After closing arguments, two of the 14 empaneled jurors will be excused while the others begin deliberations. The main question is whether Wilson acted in self-defense, and if not, whether the state has proved beyond a reasonable doubt that Arvizu’s death was first-degree murder, second-degree murder, or manslaughter.

The difference between the murder charges is the issue of premeditation, which Dickerson will instruct the jurors requires proof of three things – that Wilson caused Arvizu’s death, that Wilson intended or knew he would cause the death, and he acted with premeditation by “reflecting” on his decision to act regardless of how long that reflection lasted.

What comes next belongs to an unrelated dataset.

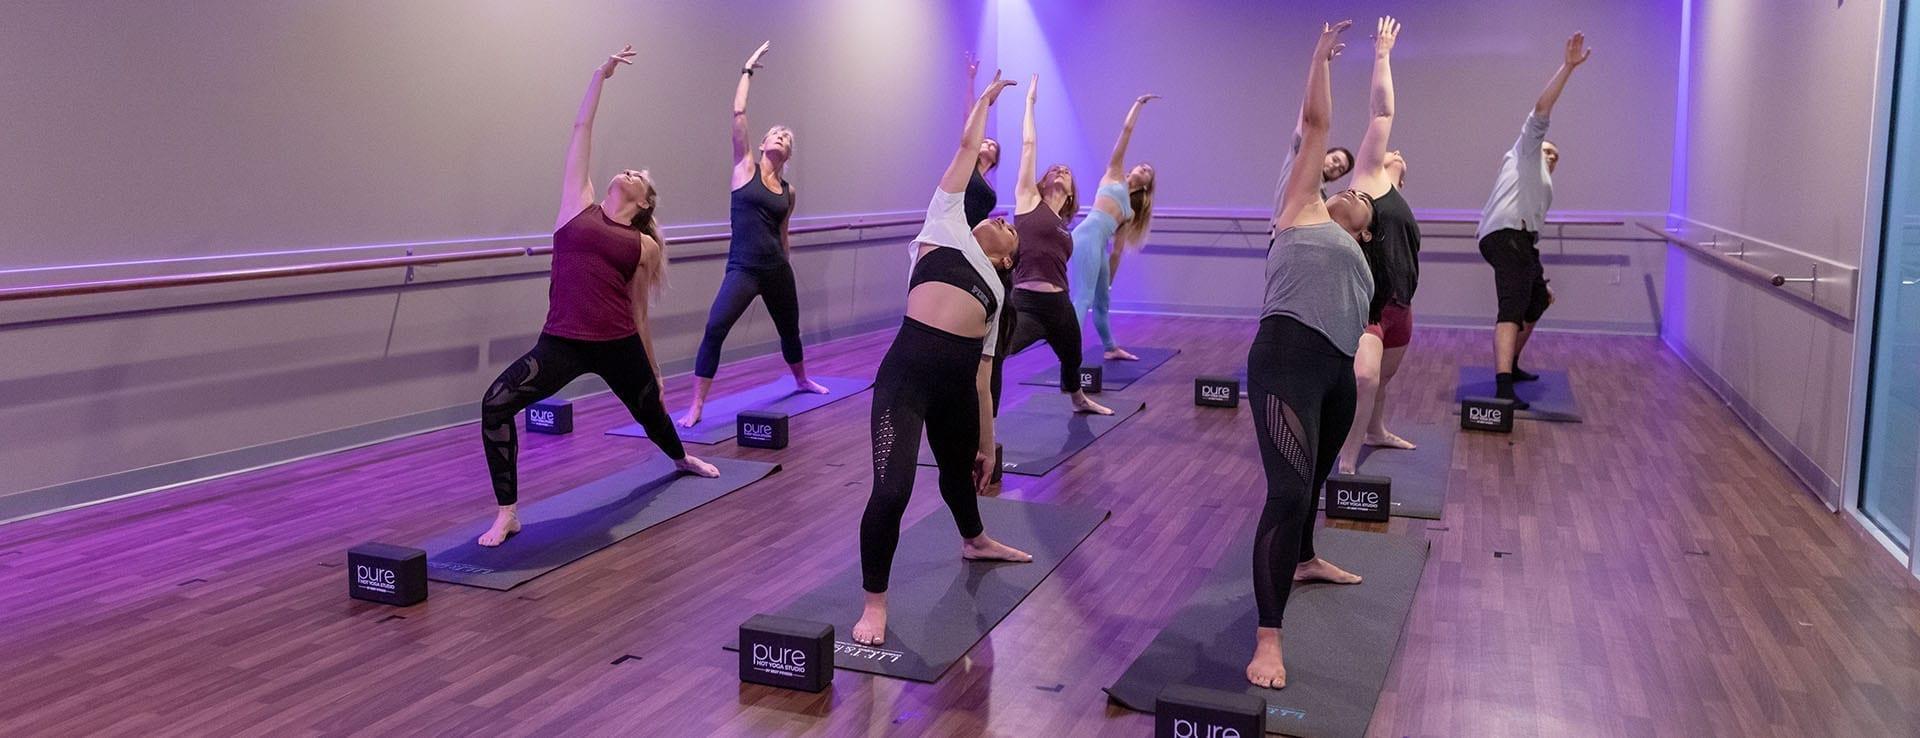 yoga class in best gym studios fitness class

Premeditation is not proven if the jury determines the shooting was “the instant effect of a sudden quarrel or heat of passion.”

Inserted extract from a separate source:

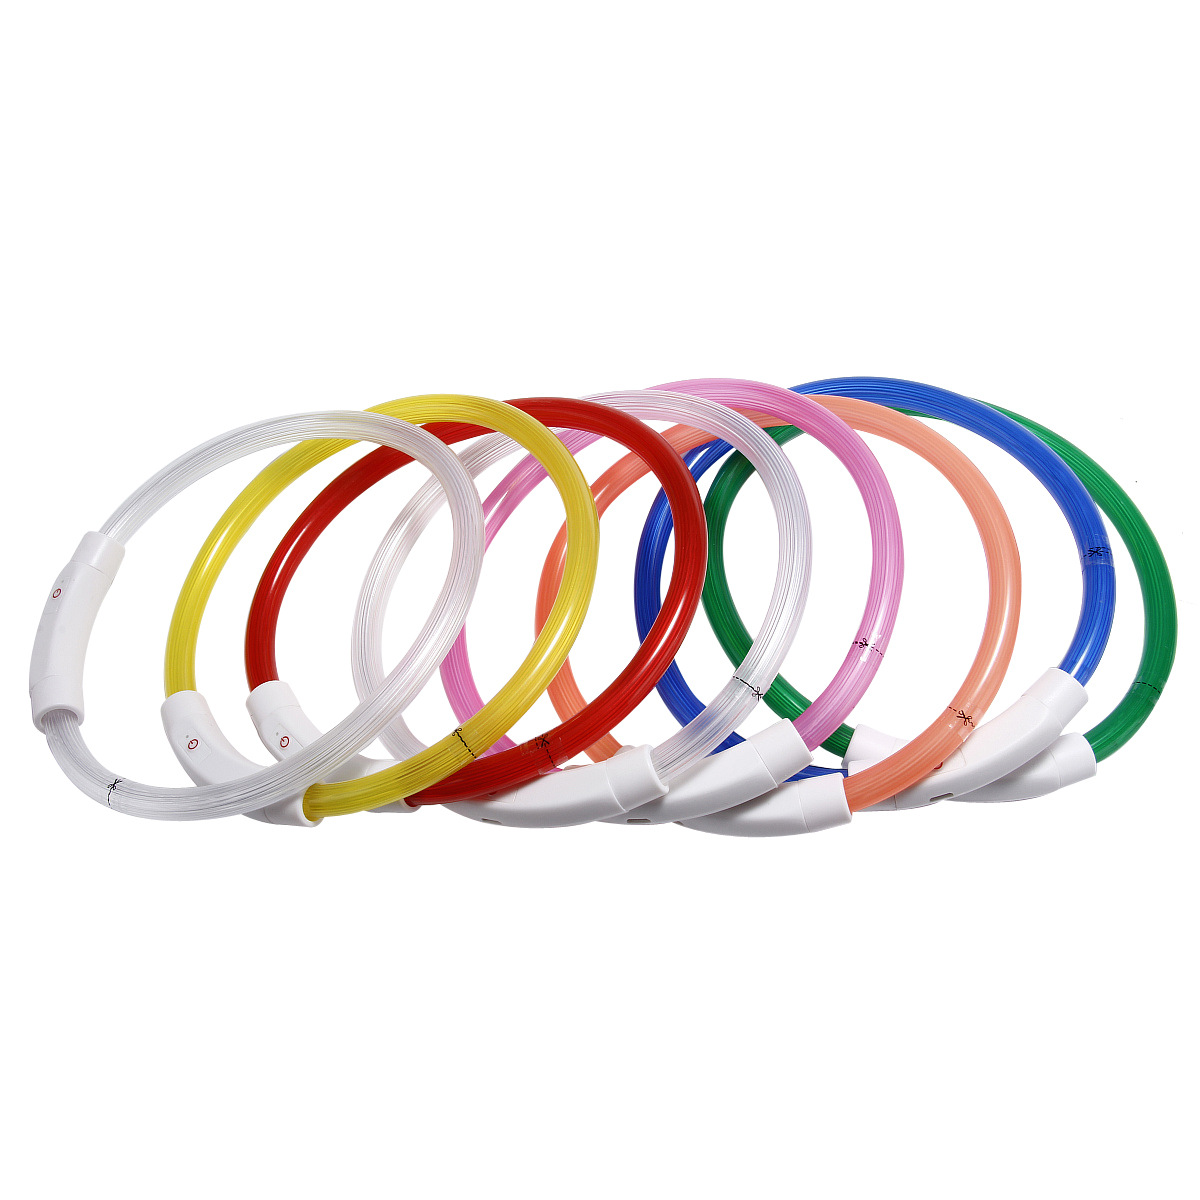 Pet Supplies DIY Multi-Color USB Charging Neck Ring LED Shining Dog Ye Quatrend

Dickerson will also give an instruction for second-degree murder. It requires the jurors to find Wilson either “intentionally caused” Arvizu’s death, that Wilson knew his conduct would cause death or serious physical injury, or that Wilson showed extreme indifference by recklessly engaging in conduct which “created a grave risk of death” that deviated from what a reasonable person would have done.

Manslaughter will be a third option for jurors if they don’t believe Wilson acted in self-defense nor that he murdered Arvizu. There are two alternate means of manslaughter, one which requires proof Wilson “recklessly caused the death of another person” while the other would require proof Wilson “consciously” disregarded a grave risk of death and acted upon a sudden quarrel or heat of passion.

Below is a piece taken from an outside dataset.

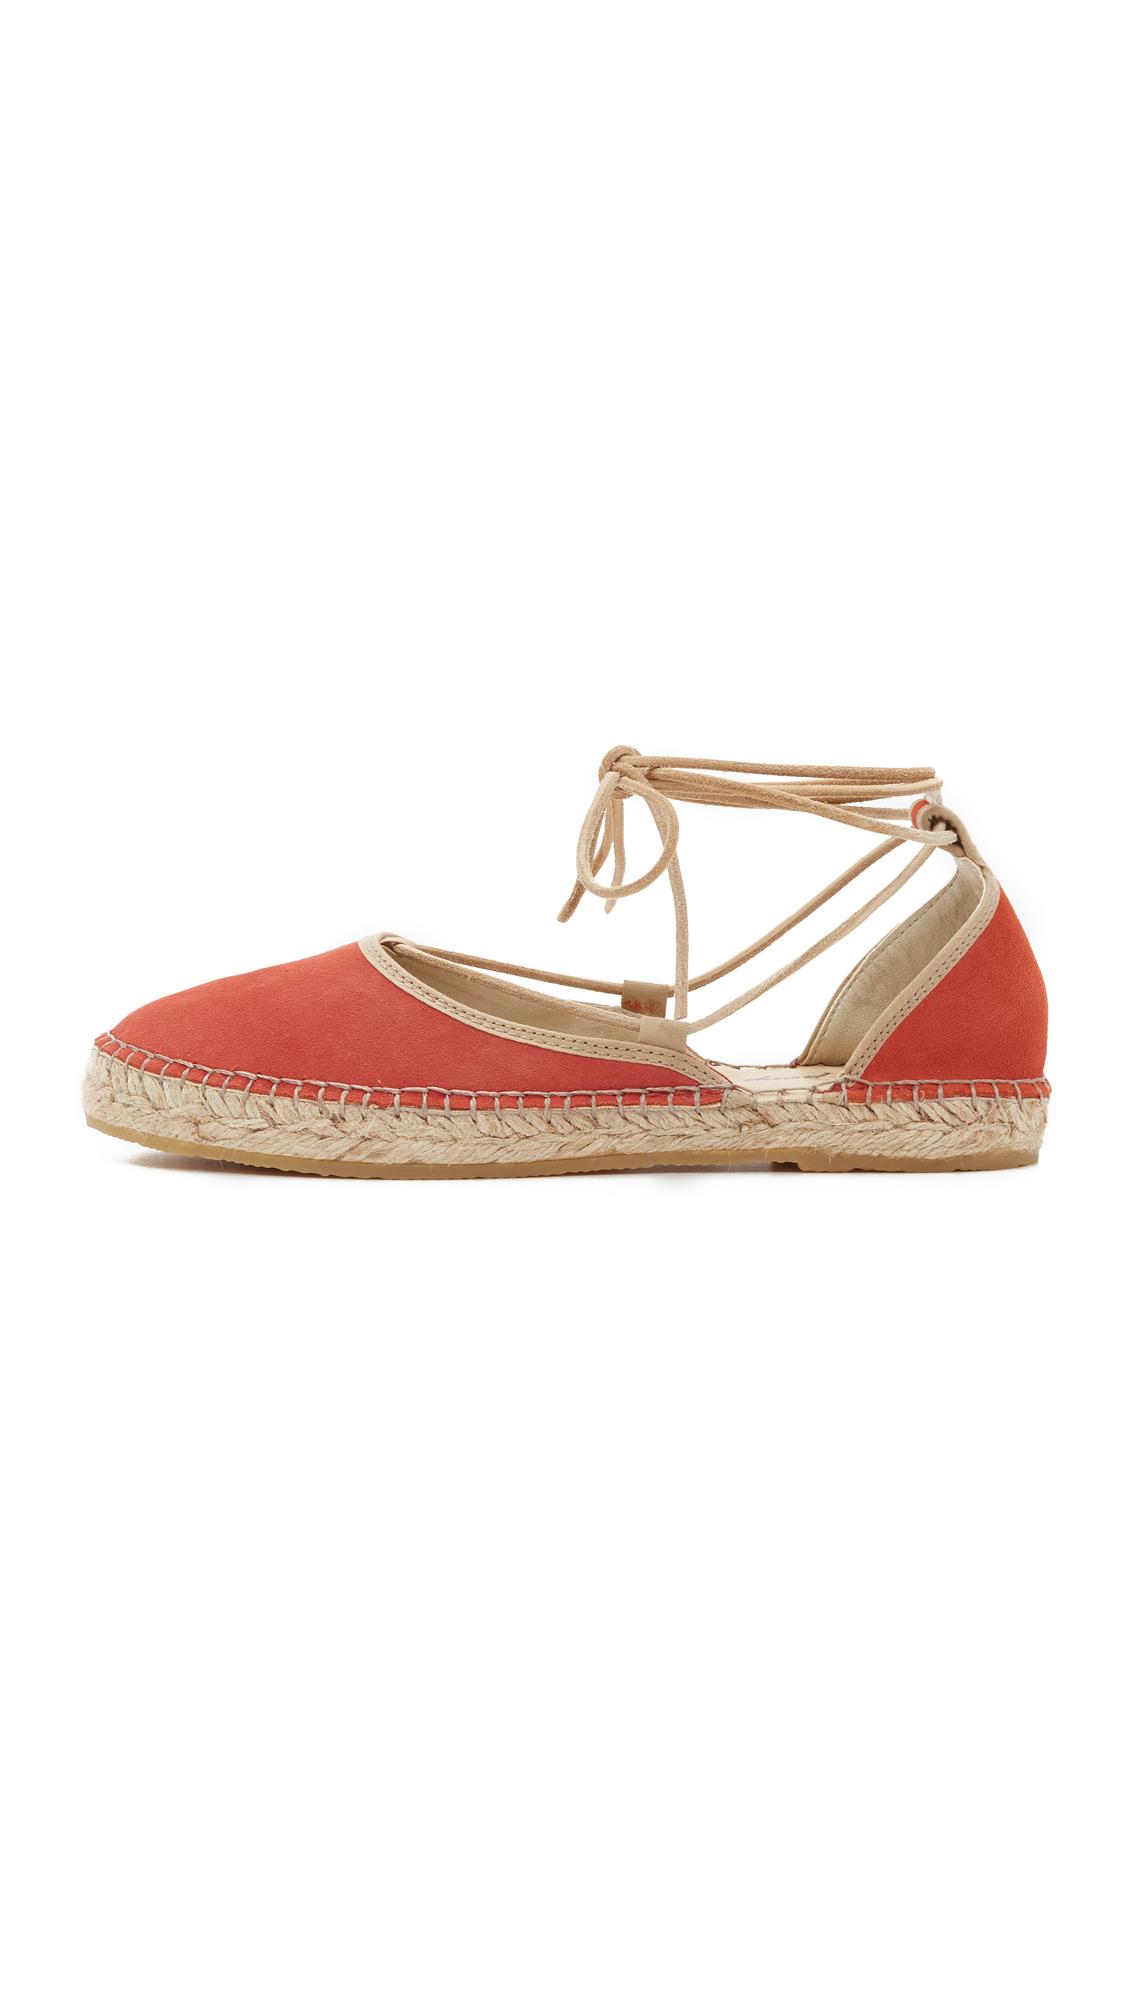 Normal Size Bow Shoe Laces

The first evidence presented to jurors prosecutor Lori Zucco’s opening statement was the 911 call from a woman inside the house Arvizu went to after being shot. The woman told the dispatcher she and Arvizu were the only people inside the home, but deputies from the Cochise County Sheriff’s Office later found a man, Eric Lynn, hiding under a bed.

According to the testimony of several sheriff’s deputies, Lynn provided details about where the shooting occurred even though he denied being present at the time. Forensic evidence showed Arvizu walked about 500 feet after being shot, ending up at his friend’s house but leaving a trail of blood along the roadway.

Emergency responders transported Arvizu to the helipad at Canyon Vista Medical Center for transfer to a trauma hospital in Tucson. However, his medical condition worsened so Arvizu had to be admitted to the CVMC emergency room. He died there despite three hours of medical intervention, according to the testimony of the ER doctor who treated him.

Nearly 50 names are on the potential witness list, although Zucco and defense attorney Chris Kimminau have indicated several may not be called to testified.